@swankylegg/voice-io
Version:
A browser-based speech recognition and synthesis assistant
100 lines (63 loc) • 2.52 kB
Markdown
# Voice I/O
Browser-based Speech Recognition & Speech Synthesis with support for multiple languages and voices.
## Quickstart
```bash
npm install @swankylegg/voice-io
```
```javascript
import { VoiceIO } from "@swankylegg/voice-io";
// Initialize
const voice = new VoiceIO();
// Listen for speech
voice.setState(voice.states.LISTENING);
// Handle speech recognition
voice.config.onRecognitionResult = (results, bestTranscript) => {
console.log("User said:", bestTranscript);
// Respond with speech
voice.setState(voice.states.RESPONDING, "I heard you!");
};
```
## Demo
Try it out: [Live Demo](https://swankylegg.github.io/voice-io/)
## Browser Support
This library uses the [Web Speech API](https://caniuse.com/?search=Web%20Speech%20API) and requires browser support for:
- `SpeechRecognition` (or `webkitSpeechRecognition`)
- `speechSynthesis`
## Voice Support
Voice I/O automatically detects available system voices for speech synthesis.

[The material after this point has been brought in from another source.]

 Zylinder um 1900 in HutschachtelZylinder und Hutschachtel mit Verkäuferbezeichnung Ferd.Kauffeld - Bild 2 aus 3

Different operating systems and browsers provide different voices:
- **macOS/iOS**: High-quality system voices in multiple languages
- **Windows**: Microsoft system voices + installed language packs
- **Android**: System voices vary by device/manufacturer
- **Chrome**: Additional cloud-based voices when online
To get available voices:
```javascript
voice.getVoices(); // Get all available voices
voice.getVoicesForCurrentLanguage(); // Get voices matching current language
```
To set a specific voice:
```javascript
voice.setVoice("Samantha"); // Use a specific voice by name
```
## Language Support
Voice I/O supports multiple languages for both recognition and synthesis. Available languages include:
- English (en-US)
- Spanish (es-ES)
- French (fr-FR)
- German (de-DE)
- Italian (it-IT)
- Japanese (ja-JP)
- Korean (ko-KR)
- Chinese (zh-CN)
Note: Actual language availability depends on browser support for both recognition and synthesis in the selected language. The library will automatically filter voices to match the selected language.
### States
Voice I/O has four possible states:
- `IDLE`: Default state, not listening or speaking
🎤🚫 | 🔈🚫
- `LISTENING`: Actively listening for speech input
🎤🟢 | 🔈🚫
- `THINKING`: Transitional state between listening and responding (use for loading states)
🎤🚫 | 🔈🚫
- `RESPONDING`: Currently speaking using speech synthesis
🎤🚫 | 🔊🟢
## License
This project is licensed under the MIT License - see the [LICENSE](LICENSE) file for details.